La démarche de Marie est généreuse, et courageuse : aucun voyage ne se fait alors en sécurité. Marie n’est ni peureuse ni paresseuse, elle ne perd pas de temps, priorité à sa parente, âgée, méprisée, providentiellement exaucée !
Marie vit dans un monde de pauvres et dans le respect des anciens. Il n’y a que le mauvais riche qui ignore d’où il vient.
Ce sont, sans compter les malades, les deux populations qui souffrent le plus à Noël : les pauvres et les anciens délaissés par leurs siens.
Les pauvres se sentent encore plus pauvres chez les riches, avec un sentiment d’injustice. L’évangile contient des paroles fortes sur les petits chiens qui se nourrissent des miettes qui tombent de la table, ou l’histoire du malheureux Lazare qui aurait bien voulu se nourrir de ces miettes mais c’étaient les chiens qui venaient lécher ses plaies.
L’examen de conscience à faire d’ici Noël pourrait toutefois porter davantage sur ce que nous supportons que sur ce que nous donnons. C’est une chose que de partager de nos biens ; c’en est une autre de savoir ce que nous sommes prêts à supporter, je ne vous parle pas de souffrances, mais de désagréments et de contrariétés. Le curseur nous appartient.
Voudriez-vous prendre un temps de prière devant la crèche pour en méditer la rudesse, la pauvreté, l’inconfort ? La question est : qu’est-ce que nous serons capables d’accepter comme agacements et irritations, notamment de la part de nos proches, pendant ces fêtes ?
Le sacrifice du Christ sur la Croix, le Cœur transpercé de Jésus est venu réparer, compenser toutes les « ingratitudes et méconnaissances », la somme vertigineuse « des froideurs et du rebut » que Dieu reçoit de la part des êtres humains.
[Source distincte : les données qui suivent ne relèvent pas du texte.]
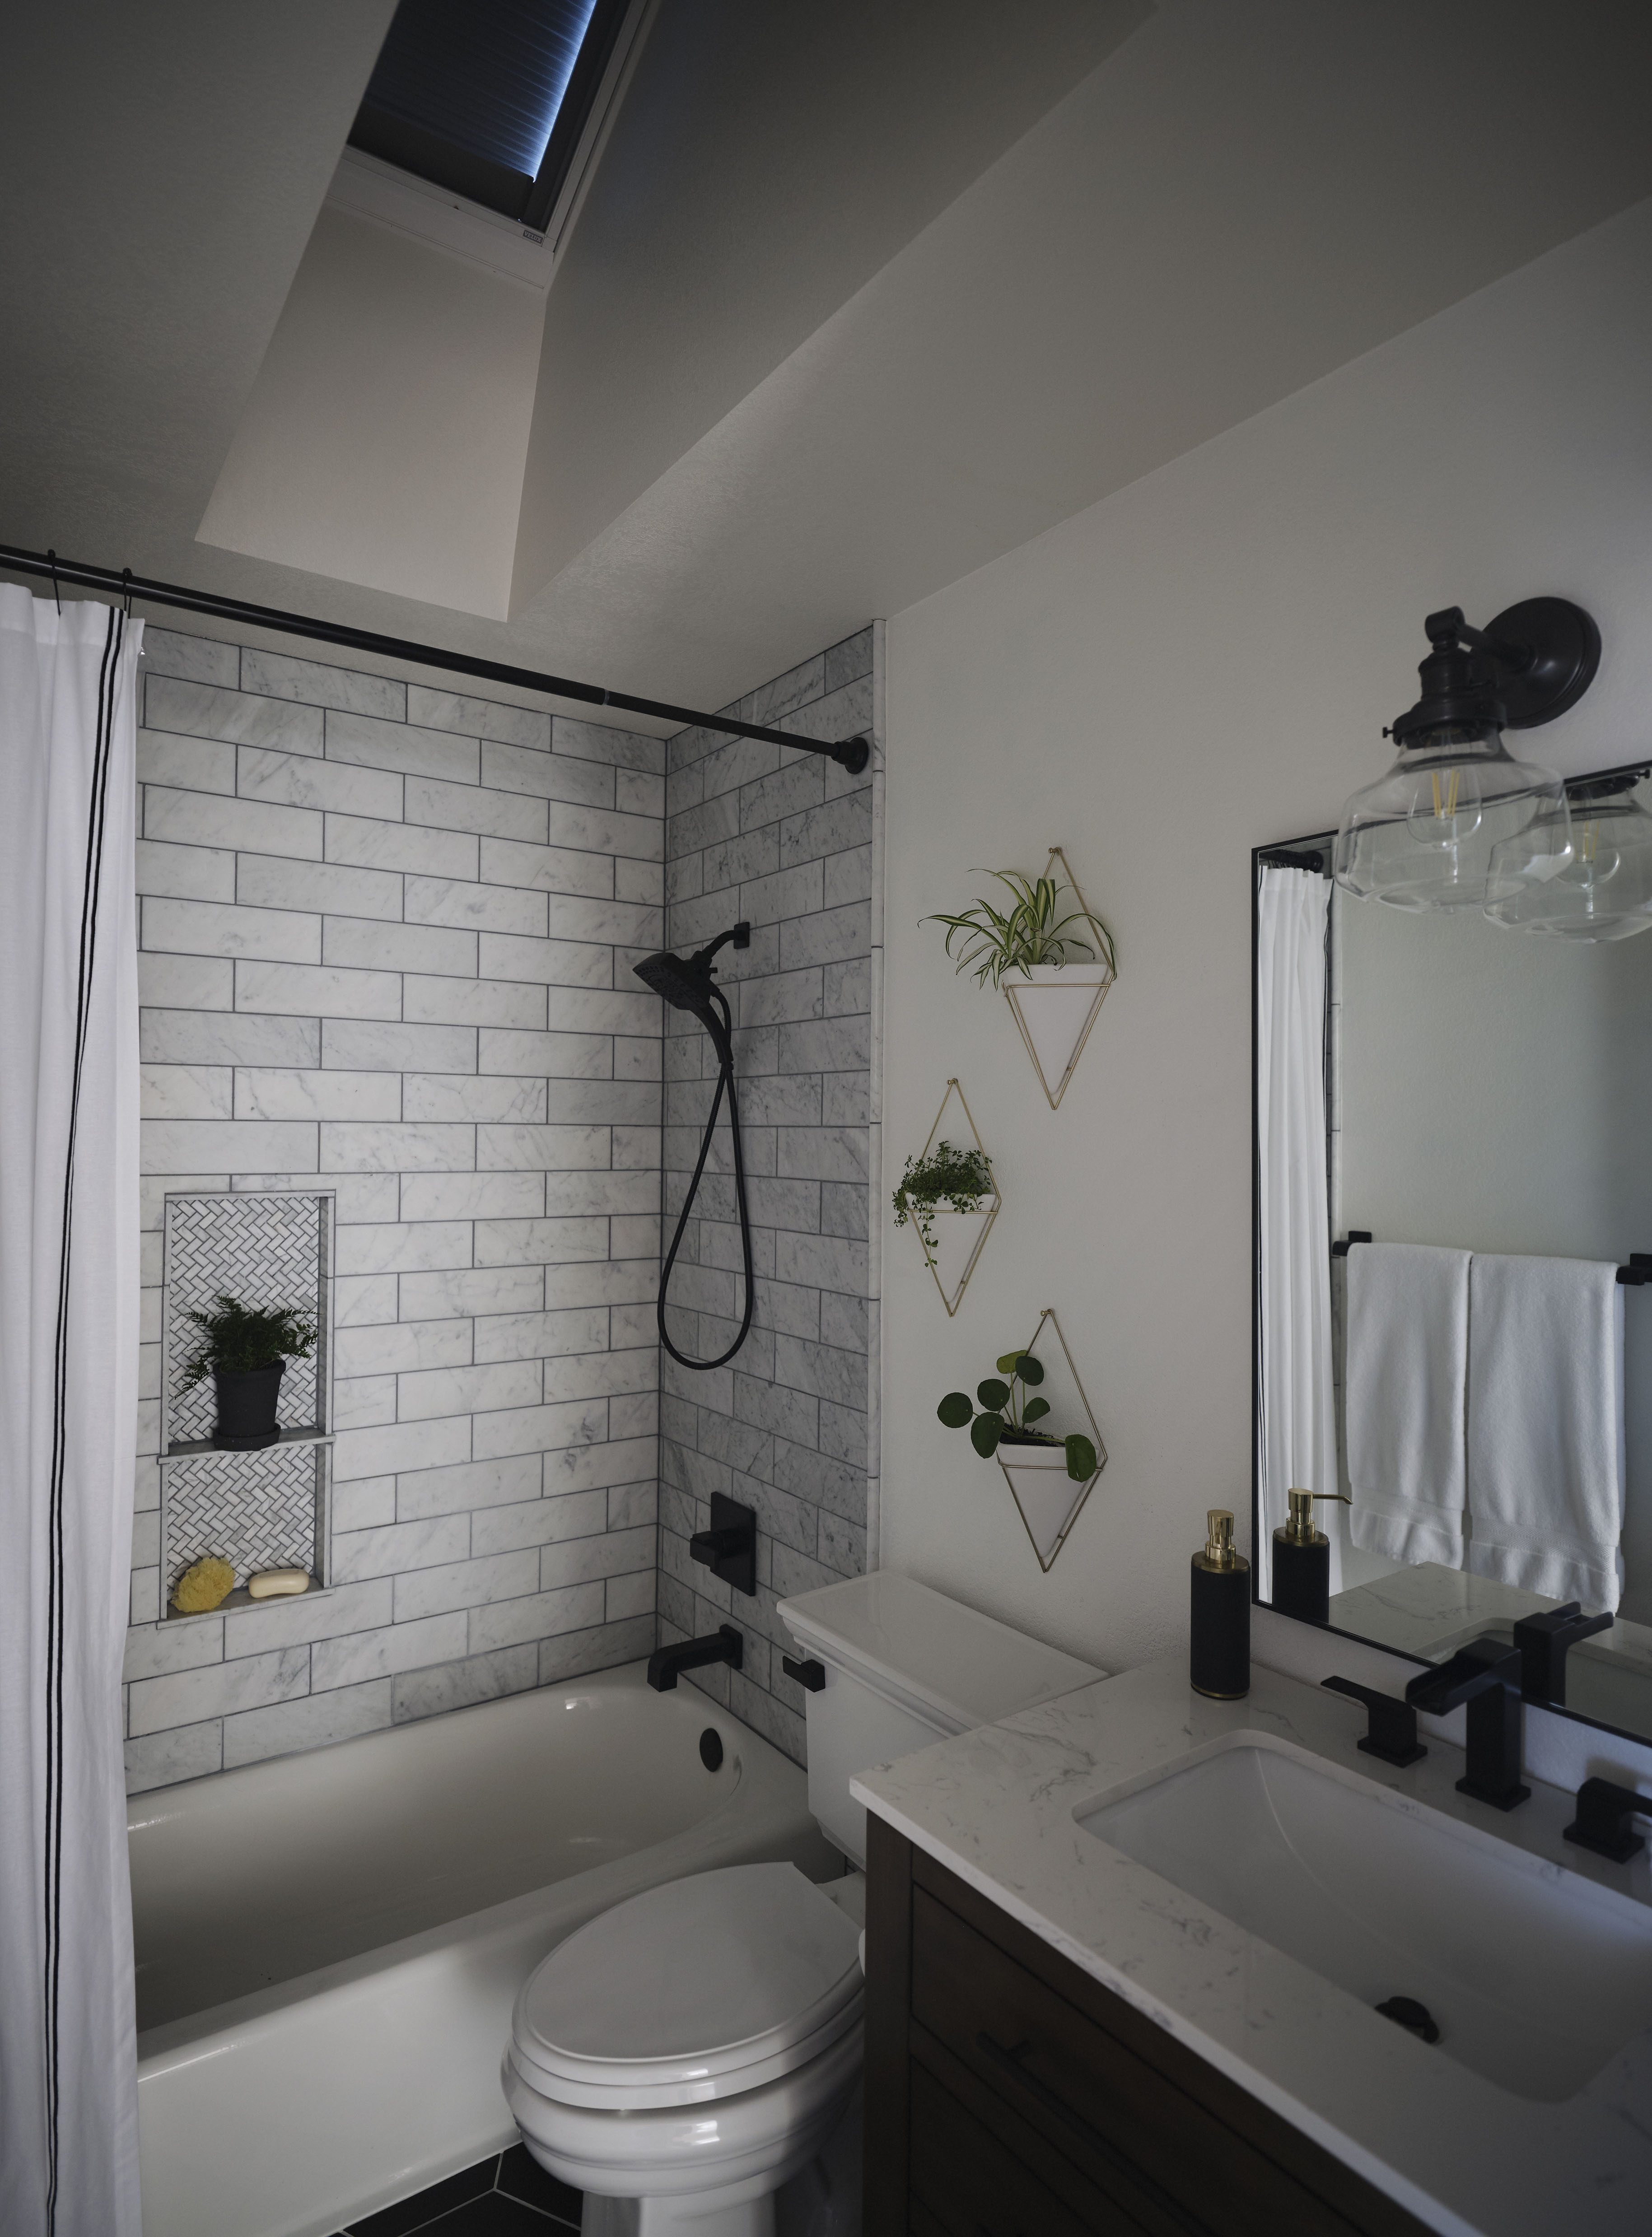 Design Solutions For Small Dark Bathrooms
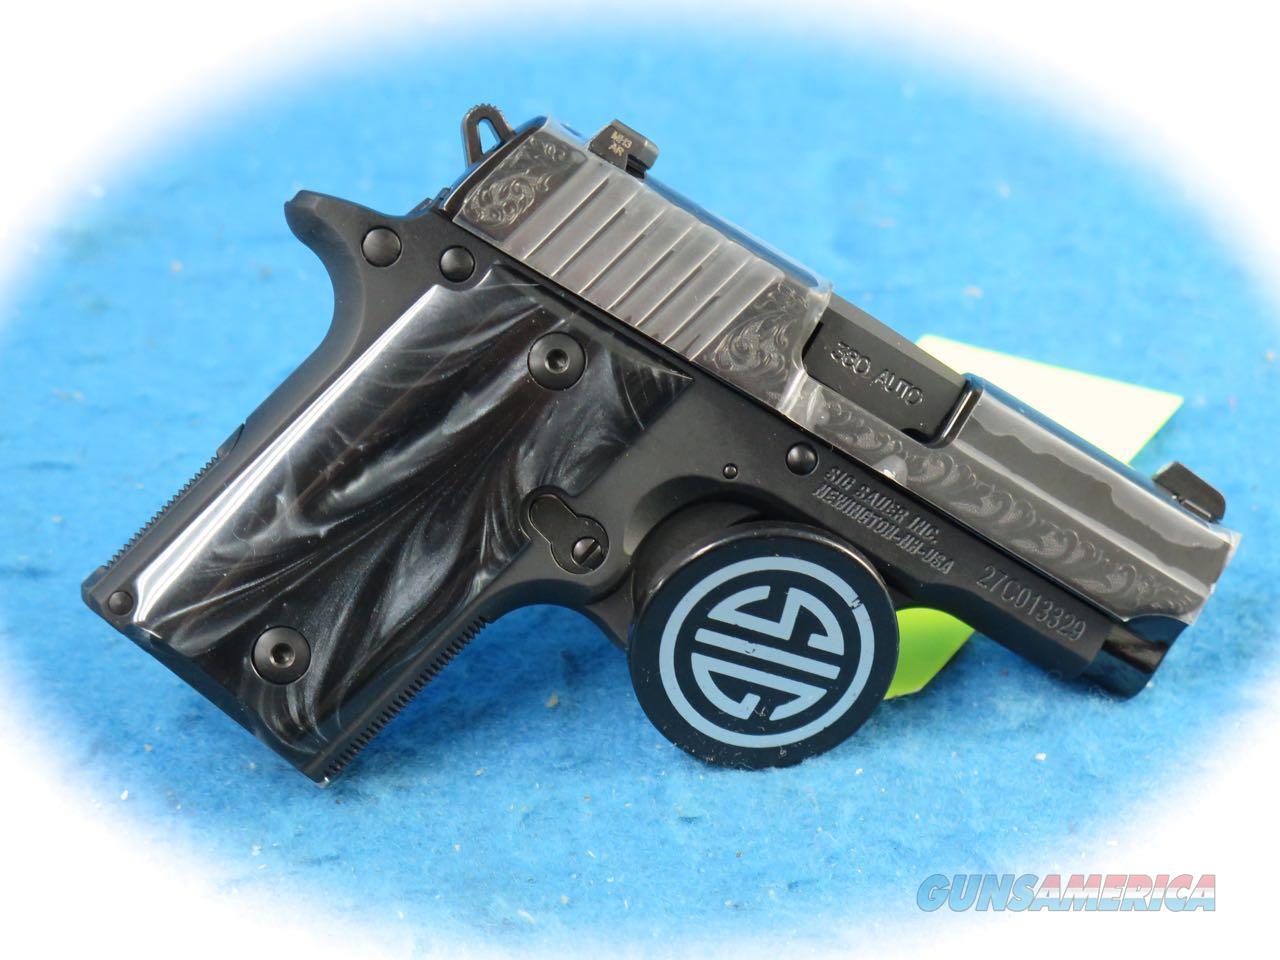 Sig Sauer P238 Engraved Black Pearl .380 ACP Pistol **New**  Guns > Pistols > Sig - Sauer/Sigarms Pistols > P238

A sainte Marguerite-Marie (1675), le Christ a révélé que cette indifférence lui est « beaucoup plus sensible que tout ce que j’ai souffert en ma Passion » (Dilexit nos, cf. nn. 124 et 165).
« Oh ! » dit saint Jean de la Croix dans son Cantique spirituel (1584), « si l’on finissait par comprendre qu’il est impossible de parvenir à la profondeur de la sagesse et des richesses de Dieu sans pénétrer dans la profondeur de sa souffrance. L’âme qui désire la sagesse désire aussi entrer plus avant dans les profondeurs de la Croix qui est le chemin de la vie ; mais peu y entrent. Peu désirent entrer dans la profondeur des souffrances et des douleurs endurées par le Fils de Dieu : on dirait que beaucoup voudraient être déjà parvenus au terme sans prendre le chemin et le moyen qui y conduit ».
La joie de Noël dépendra en large part des contrariétés que nous serons capables de supporter, par amour du Christ ! L’amour supporte tout. L’amour espère tout. L’amour endure tout.
L’amour est parfois une course d’endurance.
Ni doloristes ni douillettistes, avançons avec confiance, en enfants du Père, poussés par l’Esprit-Saint, à la rencontre du Christ.